Mark Steyn: The Facebook Caliphate
I don’t know about you, but I have the feeling that Messrs. Morsi, Shafiq, and Abolfotoh are not spending much time on Facebook, or even on Twitter. Indeed, for a “social-media revolution,” the principal beneficiaries seem to be remarkably antisocial: Liberated from the grip of Mubarak the new Egypt is a land where the Israeli embassy gets attacked and ransacked, Christians get killed and their churches burned to the ground, female reporters for the Western media are sexually assaulted in broad daylight, and for the rest of the gals a woman’s place is in the clitoridectomy clinic. In the course of the election campaign, the Muslim Brotherhood has cast off the veil of modernity and moderation that so beguiled the U.S. State Department and the New York Times: Khairat el-Shater, the deputy leader, now says that “the Koran is our Constitution” and that Mubarak-era laws permitting, for example, women to seek divorce should be revised.
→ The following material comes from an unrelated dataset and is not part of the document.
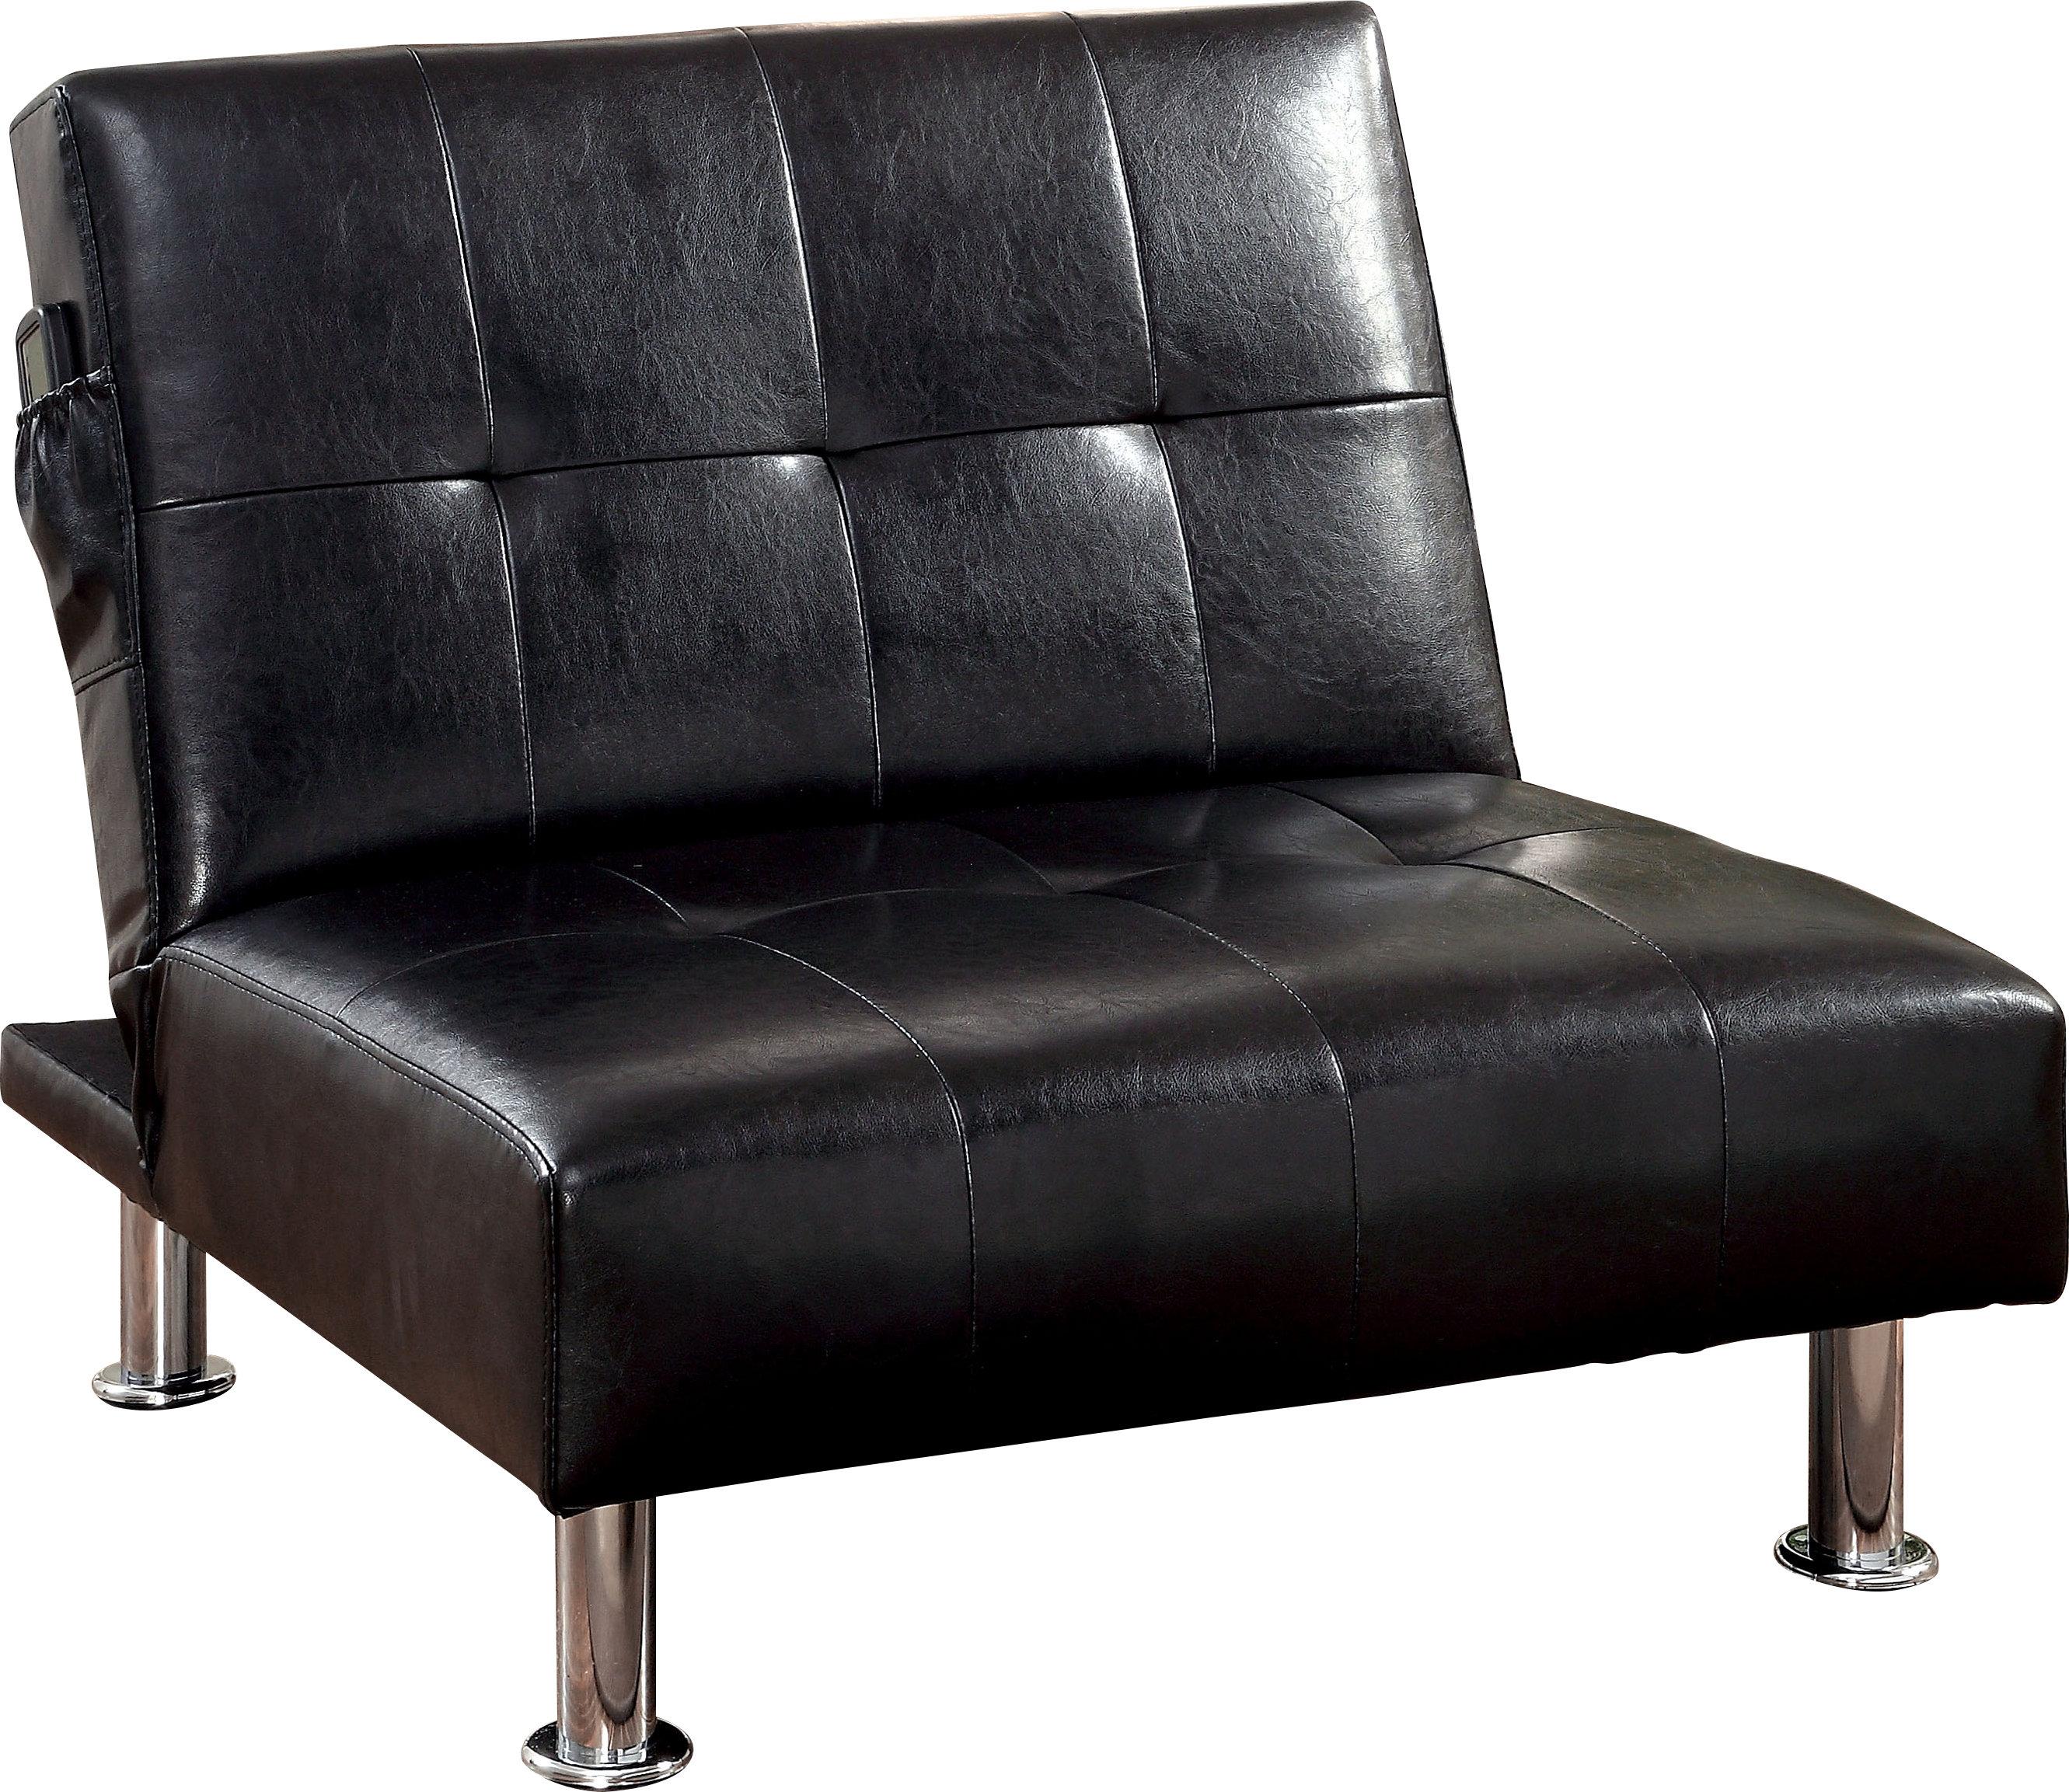 Astounding Latitude Run Perz Convertible Chair Reviews Wayfair Inzonedesignstudio Interior Chair Design Inzonedesignstudiocom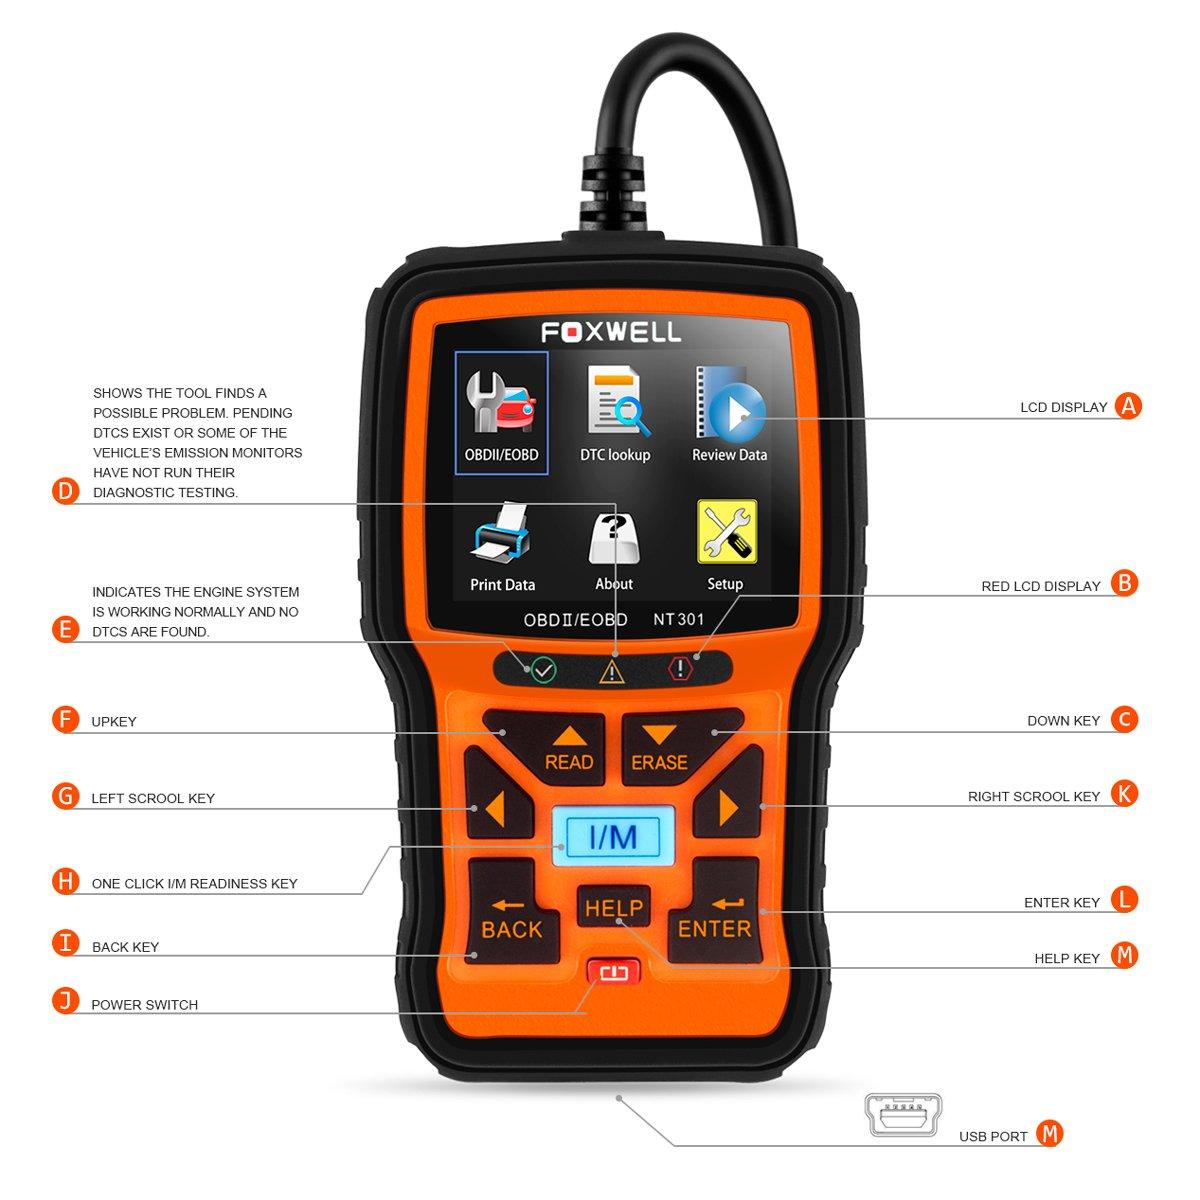 FOXWELL Nt301 Obd2 Code Scanner Universal Car Engine Diagnostic Tool

As the TV cleric Safwat Hegazy told thousands of supporters at a Brotherhood rally in the Nile Delta, “We are seeing the dream of the Islamic Caliphate coming true.”
…
Today, we decline to export values, and complacently assume, as the very term “Facebook Revolution” suggests, that technology marches in support of modernity. It doesn’t. Facebook’s flat IPO and Egypt’s presidential election are in that sense part of the same story, of a developed world whose definitions of innovation and achievement have become too shrunken and undernourished. The vote in Egypt tells us a lot about them, but it also tells us something about us.
FP: Steyn is his usually astute self and has the West and the Arabs down pat.
Elliott Abrams: Peace Was Not At Hand
Here is Olmert, describing his negotiations with PLO chairman and Palestinian president Mahmoud Abbas:
I was within touching distance of a peace agreement. The Palestinians never rejected my offers. And even if on the thousandth time there are people who are going to try to say that they rejected my offers, the reality was otherwise. They didn’t accept them, and there’s a difference. They didn’t accept them because the negotiations weren’t concluded; they were on the verge of conclusion….The gaps were very small, we had already reached the very last final stretch.
This account is plain wrong.
…
Olmert may have believed he was on the verge of peace and “in the very last final stretch,” but there is no evidence for this claim—and all the available evidence suggests that at Camp David the problem was a Palestinian leader who was unwilling to say yes and sign. We are today where we were in 2008 after the Annapolis meeting, or in 2000 after Camp David: The most any Israeli government can offer is less than the least any Palestinian leader is willing to take. That is why the statements of Secretary of Defense Leon Panetta last fall, telling Israelis and Palestinians to “just get to the damn table,” were so foolish. The gap that separates them remains a chasm, and bridging it is helped neither by demands for new negotiations that cannot today succeed, nor by fanciful accounts of past sessions.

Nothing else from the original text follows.